Dogs are quite resistant to developing iatrogenic hyperthyroidism, but this dog's current dose of 2.4 mg per day is extremely high. Almost all dogs respond quite nicely to doses of 20 µg/kg, administered either once or twice daily, which calculates into a dose of only 25-50% of the current L-T4 dose given to this dog.

For this dog, I'd try cutting the L-T4 dosage in half and monitoring again in another 4 weeks. Remember that thyroid hormone supplementation is best give on an empty stomach to enhance absorption (8).

  1. Kemppainen RJ, Young DW. Canine triiodothyronine autoantibodies. In: Kirk RW, Bonagura JD, editors. Current Veterinary Therapy XI: Small Animal Practice. Philadelphia: W.B. Saunders Co; 1992. p. 327-330.
  2. Graham PA, Refsal KR, Nachreiner RF. Etiopathologic findings of canine hypothyroidism. Vet Clin North Am Small Anim Pract 2007;37:617-631. 
  3. Ferguson DC. Testing for hypothyroidism in dogs. Vet Clin North Am Small Anim Pract 2007;37:647-669.   
  4. Mooney CT. Canine hypothyroidism: a review of aetiology and diagnosis. N Z Vet J 2011;59:105-114.
  5. Nachreiner RF, Refsal KR, Graham PA, et al. Prevalence of serum thyroid hormone autoantibodies in dogs with clinical signs of hypothyroidism. J Am Vet Med Assoc 2002;220:466-471. 
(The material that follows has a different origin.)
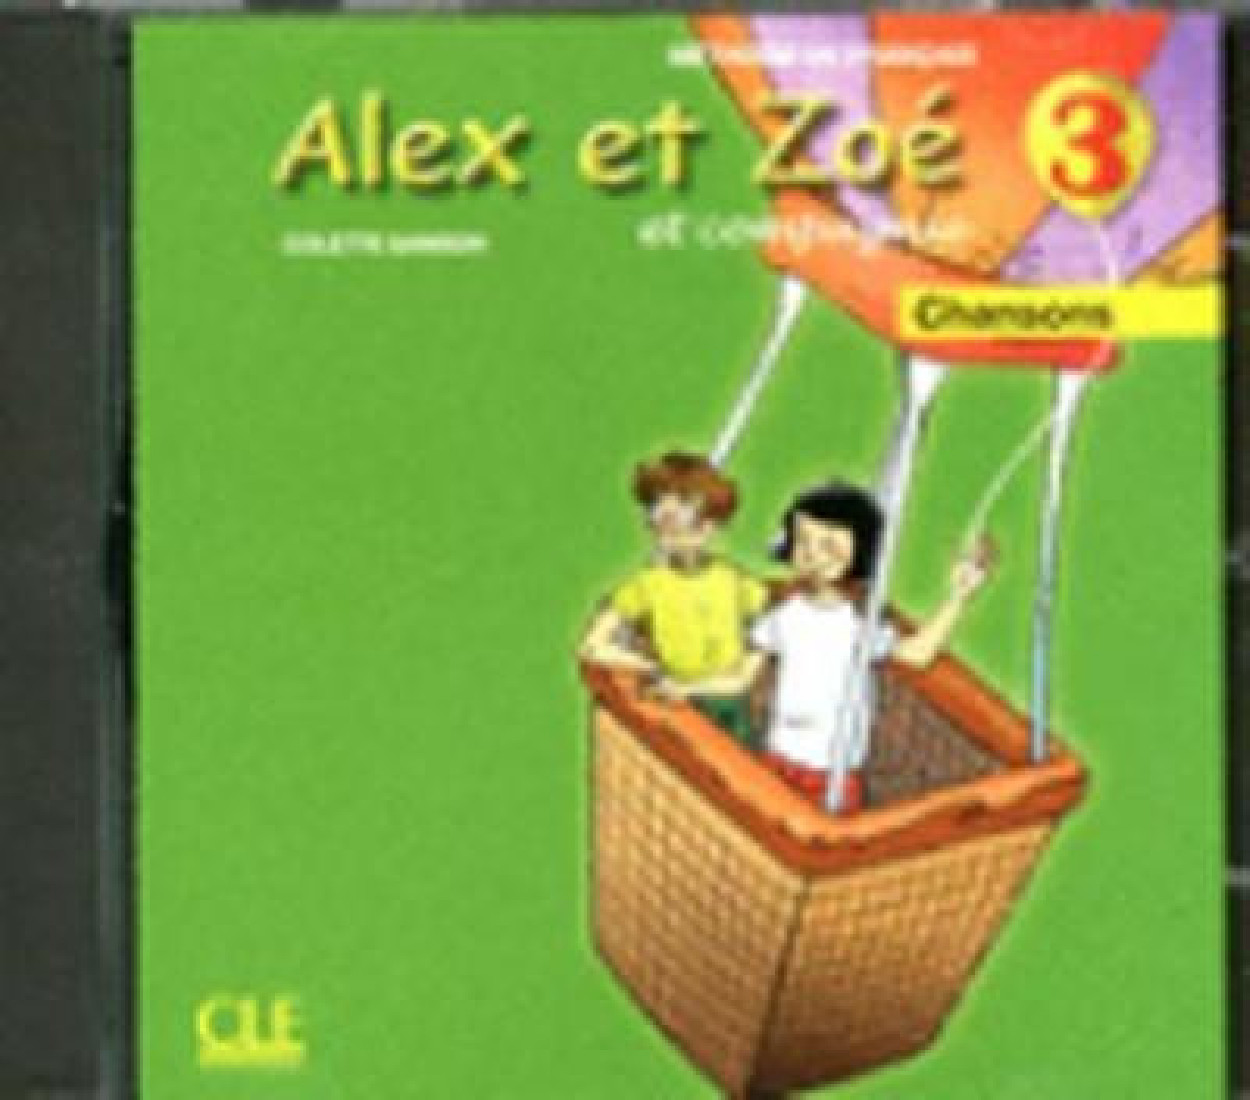 ALEX ET ZOE 3 CD (1) (CHANCONS) N/E

  6. Nachreiner RF, Refsal KR, Thacker EL, et al. Incidence of T3 and T4 autoantibodies in dogs using a sensitive binding assay (abstract). J Vet Intern Med 1990;4:114.
  7. Refsal KR, Nachreiner RF. Thyroid hormone autoantibodies in the dog: their association with serum concentrations of iodothyronines and thyrotropin and distribution by age, sex, and breed of dog. Canine Pract 1997;22:16–17.
  8. Le Traon G, Burgaud S, Horspool LJ. Pharmacokinetics of total thyroxine in dogs after administration of an oral solution of levothyroxine sodium. J Vet Pharmacol Ther 2008;31:95-101.